The New Normal: We Are All Farmers

By Steven Saint Thomas & Trudy Thomas

The whole neighborhood is now sheltering in place. Everyone’s looking for something to do or catching up on their existing to-do lists, while we wait for the world to get back to normal. 

We’re using lots of post-layoff time to work on our permaculture homestead in Humboldt County, Calif. We’re wrapping up the sheet-mulch on about a quarter-acre and building garden beds – even planting! Our neighbors, all unseen on the other sides of the fences, are out filling the air with the sound of power mowers and the smell of new-mown grass.

Ironic – they’re out farming the grass that we’re trying to kill. It’s not that we hate grass, but we can’t eat it. We need to transform my grass-dominated yard into a place where fruit, berries, vegetables, garlic, herbs and pollinators can grow without the competition. Permaculturists often use sheet-mulching to create a fresh palette of topsoil on which to design self-reliant food systems.

A greenhouse, mini-orchard and keyhole beds of various designs now occupy land once given over to grass.

We are all farmers, it’s just that we’ve spent most of our lives up to now farming dollars. The New Normal will be farming our own food! 

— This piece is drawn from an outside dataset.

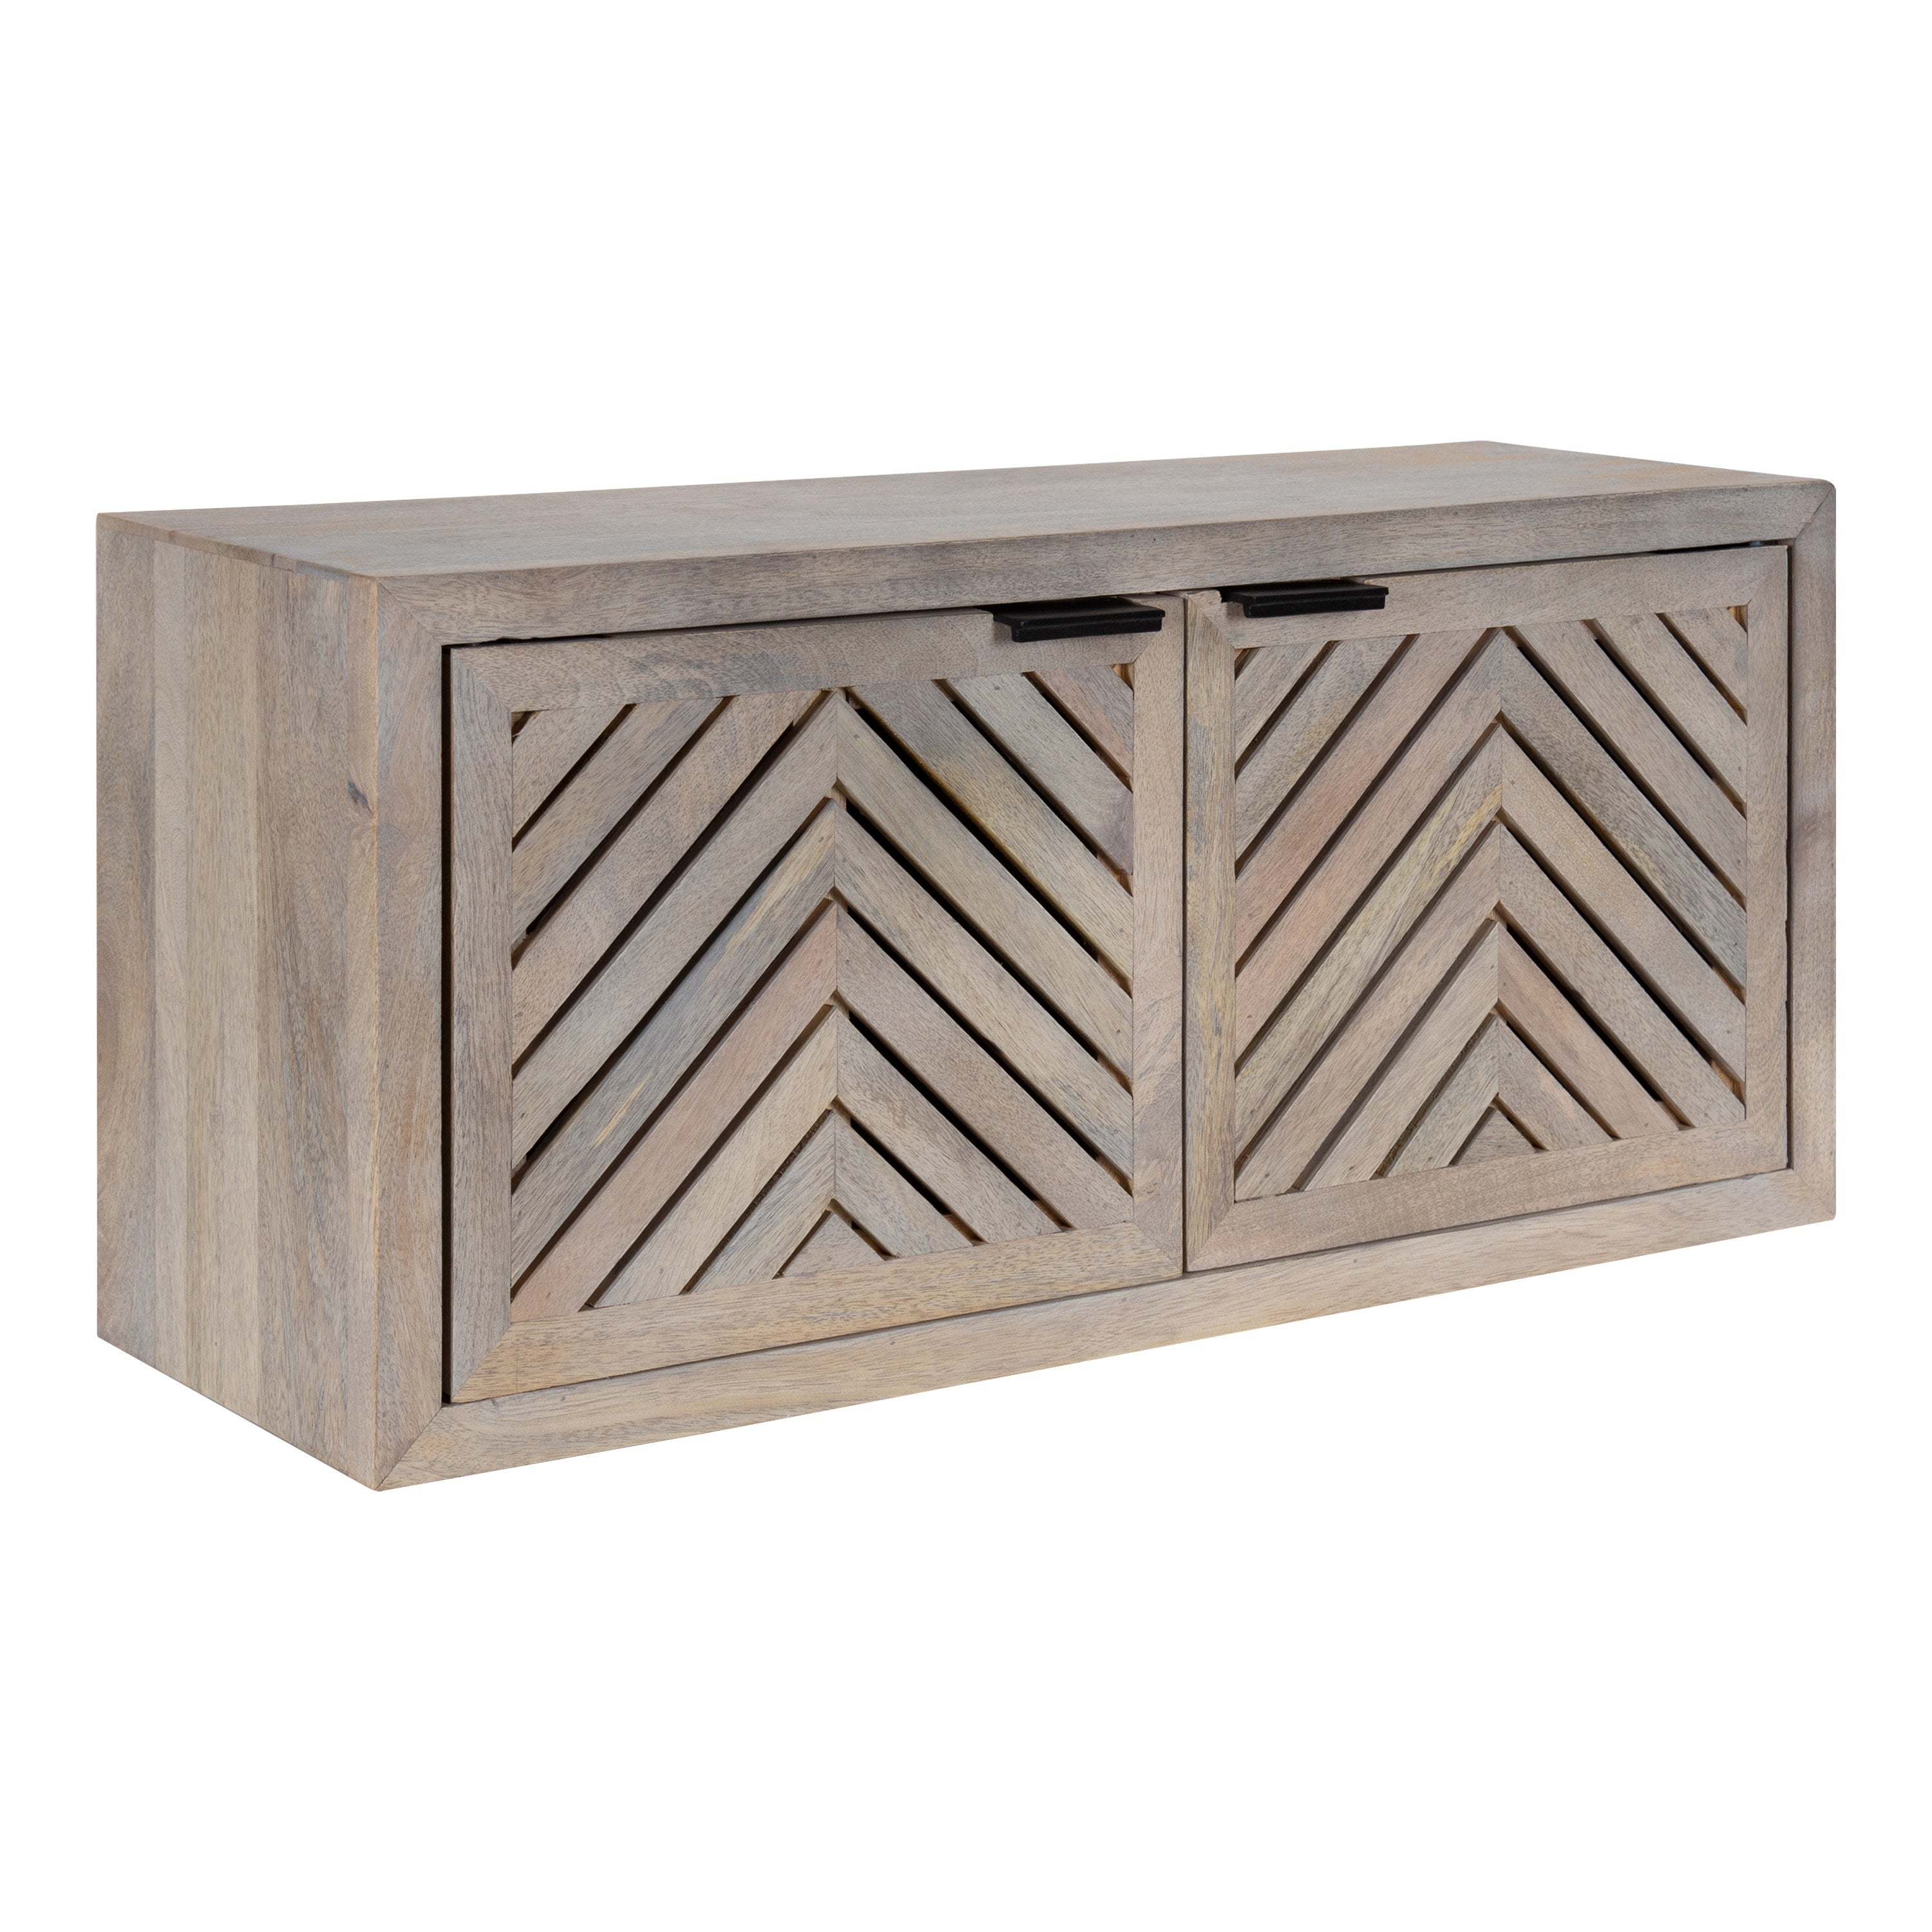 Mezzeta Decorative Wood Wall Cabinet

I’m guessing my neighbors are expecting the Old Normal – back to fully stocked grocery stores, plenty of gasoline and mowing the lawn every other Sunday. The current coronavirus pandemic has brought home what permaculturists have been saying for 40 years. The normal we grew up with, powered by fossil fuels and other non-renewable natural resources, is coming to an end. The future will be different and we need to be ready for that.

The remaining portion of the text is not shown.